Kardigan is working to make cardiovascular disease preventable, curable and no longer the leading cause of death in the world by developing multiple targeted treatments in parallel.
Requirements
- PhD in Statistics, Biostatistics, or a related scientific field with 8+ years of experience, or MS with 10+ years of experience in clinical trials, drug development, the pharmaceutical industry, or healthcare.
- Expertise in applying knowledge of general and cutting edge statistical / clinical trials methodology to solve complex statistical problems in the clinical development area and ensure alignment with regulatory agencies and industry standards.
- Knowledgeable of machine learning approaches for classification and predictive modeling.
- Strong knowledge of statistical software (SAS, R or Python) and proficiency in implementation of advanced analytical methods especially for data visualization.
- Experience in managing CROs and collaborating with cross-functional teams.
- Experience with NDAs, and MAA’s is highly desired.
- Experience with cardiovascular drug development and digital health data or real-world data is preferred.
Responsibilities
- Collaborate with clinical, regulatory, medical affairs, and other teams to ensure cohesive and integrated project strategies.
- Contribute to clinical protocol development and study reports, including authoring of the Statistics section and reviewing of other sections by applying statistical principles.
- Author or review statistical analysis plans for clinical trials and for integrated summaries of safety/effectiveness (ISS/ISE), and author or oversee the development of shells for tables, figures and listings.
- Review case report form (CRF) designs to ensure data collection meet the requirements of statistical analyses.
- Provide statistical input to data monitoring committee (DMC) charters.
- Oversee the CROs or internal teams to deliver high-quality and timely analysis outputs and interpret the results.

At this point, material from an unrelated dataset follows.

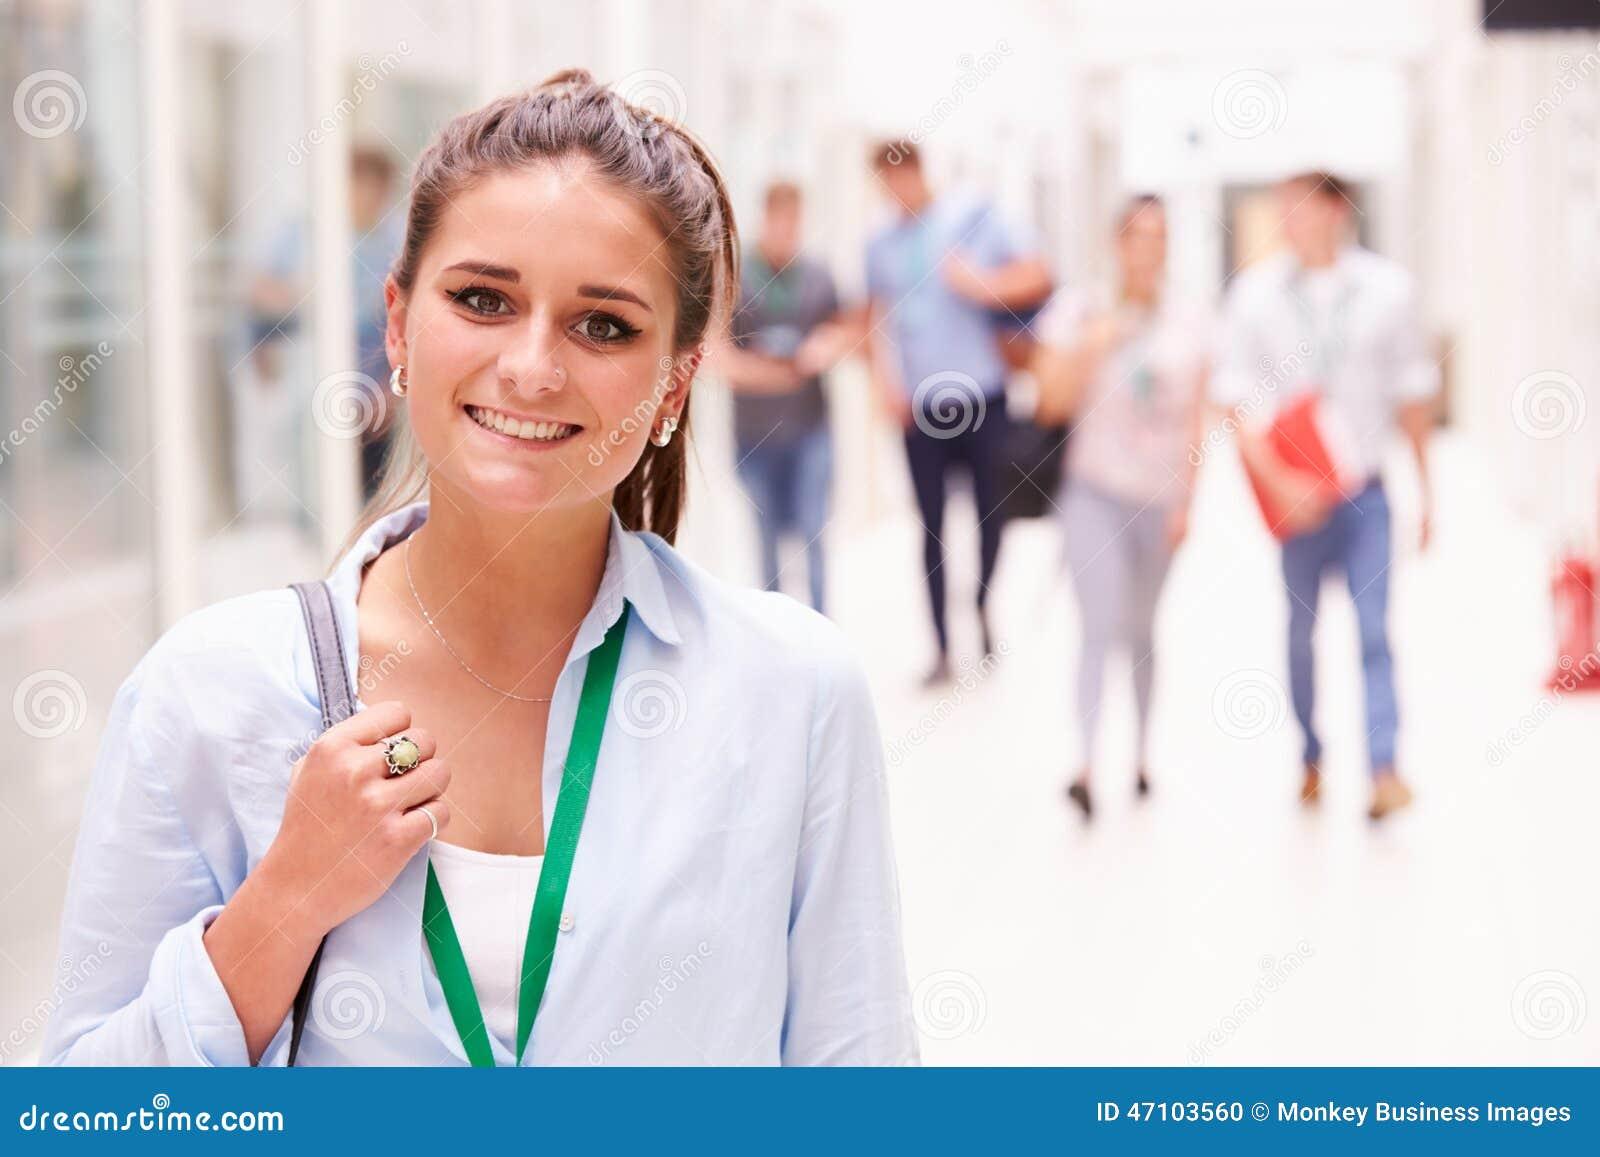 Retrato del estudiante universitario de sexo femenino In Hallway
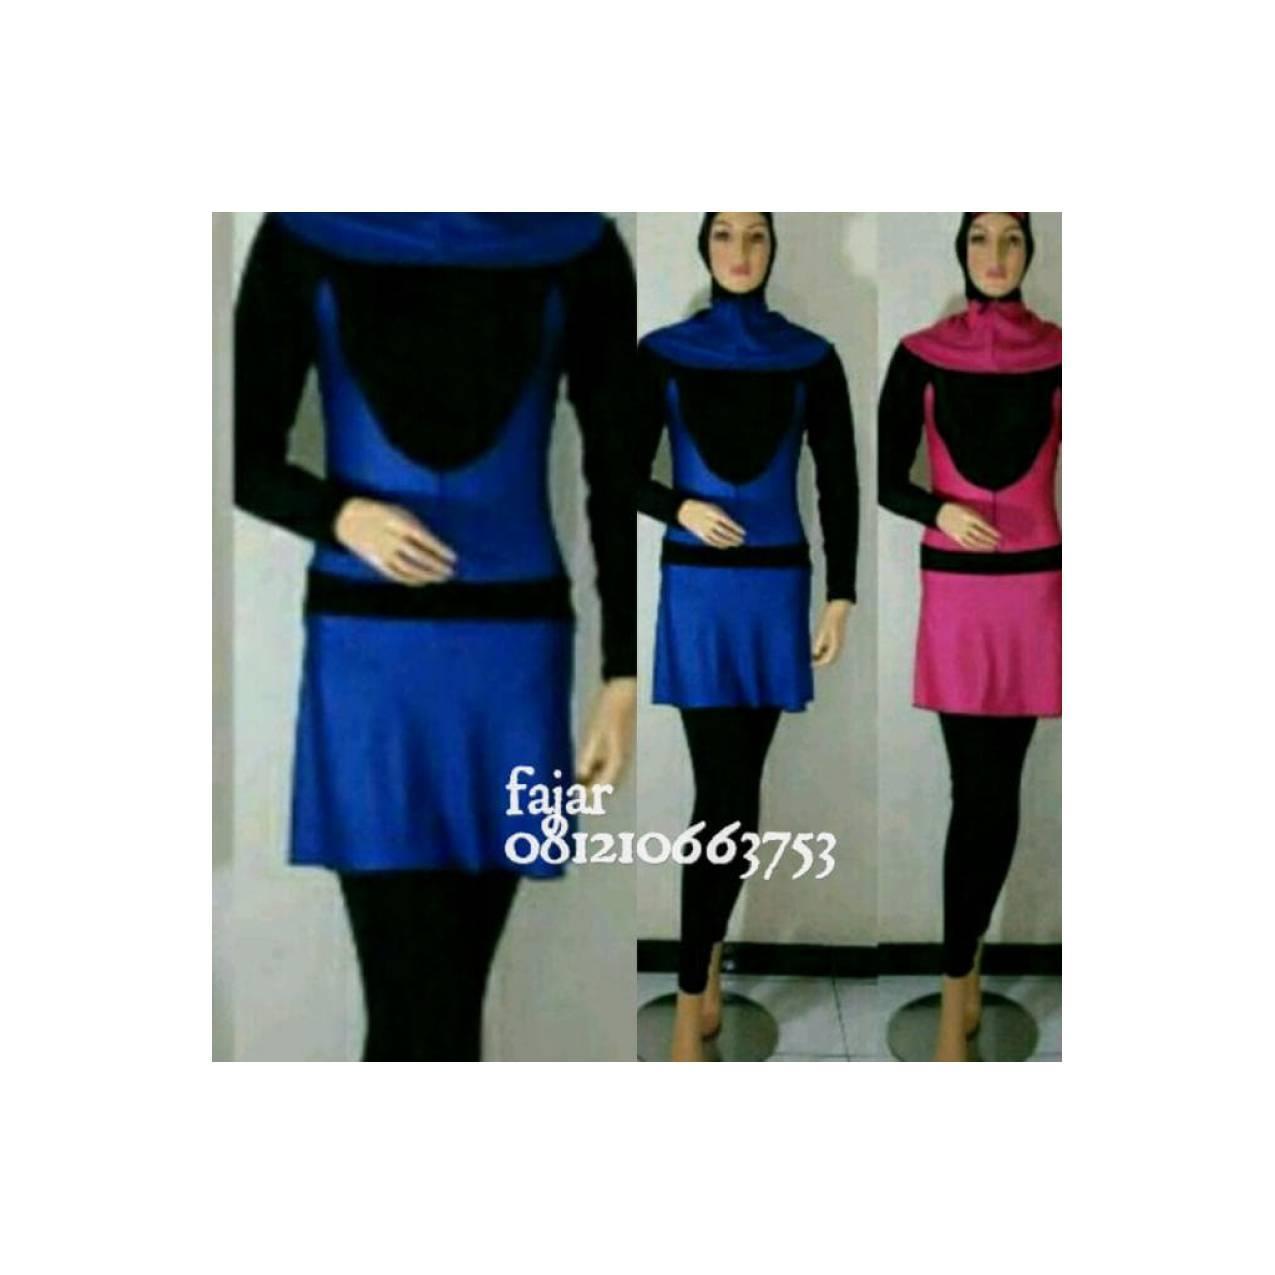 Sale! Baju Renang /Muslimah/Dewasa/Wanita/Remaja Murah

- Manage statistical activities in support of NDA/MAA or other regulatory submissions.
Other
- Mentor junior statisticians.
- Contribute or lead standardization and process improvement efforts for Biostatistics and contributes to cross-functional process improvement efforts.
- Provide guidance and oversight to ensure compliance with regulatory standards and best practices.
- Support and contribute to the preparation of publications, including manuscripts, posters and oral presentations.
- Address statistical questions/comments from FDA and other regulatory agencies.